Provided material Block Start

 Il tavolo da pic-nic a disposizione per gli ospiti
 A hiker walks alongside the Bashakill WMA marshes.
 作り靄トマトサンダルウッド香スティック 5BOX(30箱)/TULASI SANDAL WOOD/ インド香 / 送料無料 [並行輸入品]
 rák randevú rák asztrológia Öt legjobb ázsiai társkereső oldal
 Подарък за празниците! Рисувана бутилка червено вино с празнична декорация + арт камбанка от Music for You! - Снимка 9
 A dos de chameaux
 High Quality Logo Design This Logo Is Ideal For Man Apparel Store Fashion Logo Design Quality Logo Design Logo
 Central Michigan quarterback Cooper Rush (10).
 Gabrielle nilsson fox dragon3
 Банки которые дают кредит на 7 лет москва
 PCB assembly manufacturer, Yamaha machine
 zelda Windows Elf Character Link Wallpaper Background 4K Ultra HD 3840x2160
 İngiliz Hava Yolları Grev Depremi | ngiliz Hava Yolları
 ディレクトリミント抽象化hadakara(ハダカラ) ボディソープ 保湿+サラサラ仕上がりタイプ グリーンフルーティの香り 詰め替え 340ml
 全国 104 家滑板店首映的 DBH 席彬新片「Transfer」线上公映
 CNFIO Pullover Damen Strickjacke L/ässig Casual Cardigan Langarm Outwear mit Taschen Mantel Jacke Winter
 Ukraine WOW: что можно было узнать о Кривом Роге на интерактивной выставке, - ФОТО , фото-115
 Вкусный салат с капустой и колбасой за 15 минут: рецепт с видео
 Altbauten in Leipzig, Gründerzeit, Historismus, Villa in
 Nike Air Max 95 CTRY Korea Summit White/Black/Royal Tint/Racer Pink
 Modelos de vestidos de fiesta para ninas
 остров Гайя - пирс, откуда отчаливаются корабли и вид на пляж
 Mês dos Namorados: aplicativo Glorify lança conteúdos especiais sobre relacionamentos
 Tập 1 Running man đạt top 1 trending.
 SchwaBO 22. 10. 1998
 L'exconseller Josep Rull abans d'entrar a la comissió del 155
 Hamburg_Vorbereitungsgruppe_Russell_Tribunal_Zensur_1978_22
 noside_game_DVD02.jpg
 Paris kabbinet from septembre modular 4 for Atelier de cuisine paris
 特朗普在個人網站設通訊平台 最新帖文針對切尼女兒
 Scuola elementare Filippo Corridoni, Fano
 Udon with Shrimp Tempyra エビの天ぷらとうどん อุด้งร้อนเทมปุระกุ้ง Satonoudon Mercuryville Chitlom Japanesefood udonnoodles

Provided material Block End

### Task
Return the records exactly, character for character.

### Response box
 Il tavolo da pic-nic a disposizione per gli ospiti
 A hiker walks alongside the Bashakill WMA marshes.
 作り靄トマトサンダルウッド香スティック 5BOX(30箱)/TULASI SANDAL WOOD/ インド香 / 送料無料 [並行輸入品]
 rák randevú rák asztrológia Öt legjobb ázsiai társkereső oldal
 Подарък за празниците! Рисувана бутилка червено вино с празнична декорация + арт камбанка от Music for You! - Снимка 9
 A dos de chameaux
 High Quality Logo Design This Logo Is Ideal For Man Apparel Store Fashion Logo Design Quality Logo Design Logo
 Central Michigan quarterback Cooper Rush (10).
 Gabrielle nilsson fox dragon3
 Банки которые дают кредит на 7 лет москва
 PCB assembly manufacturer, Yamaha machine
 zelda Windows Elf Character Link Wallpaper Background 4K Ultra HD 3840x2160
 İngiliz Hava Yolları Grev Depremi | ngiliz Hava Yolları
 ディレクトリミント抽象化hadakara(ハダカラ) ボディソープ 保湿+サラサラ仕上がりタイプ グリーンフルーティの香り 詰め替え 340ml
 全国 104 家滑板店首映的 DBH 席彬新片「Transfer」线上公映
 CNFIO Pullover Damen Strickjacke L/ässig Casual Cardigan Langarm Outwear mit Taschen Mantel Jacke Winter
 Ukraine WOW: что можно было узнать о Кривом Роге на интерактивной выставке, - ФОТО , фото-115
 Вкусный салат с капустой и колбасой за 15 минут: рецепт с видео
 Altbauten in Leipzig, Gründerzeit, Historismus, Villa in
 Nike Air Max 95 CTRY Korea Summit White/Black/Royal Tint/Racer Pink
 Modelos de vestidos de fiesta para ninas
 остров Гайя - пирс, откуда отчаливаются корабли и вид на пляж
 Mês dos Namorados: aplicativo Glorify lança conteúdos especiais sobre relacionamentos
 Tập 1 Running man đạt top 1 trending.
 SchwaBO 22. 10. 1998
 L'exconseller Josep Rull abans d'entrar a la comissió del 155
 Hamburg_Vorbereitungsgruppe_Russell_Tribunal_Zensur_1978_22
 noside_game_DVD02.jpg
 Paris kabbinet from septembre modular 4 for Atelier de cuisine paris
 特朗普在個人網站設通訊平台 最新帖文針對切尼女兒
 Scuola elementare Filippo Corridoni, Fano
 Udon with Shrimp Tempyra エビの天ぷらとうどん อุด้งร้อนเทมปุระกุ้ง Satonoudon Mercuryville Chitlom Japanesefood udonnoodles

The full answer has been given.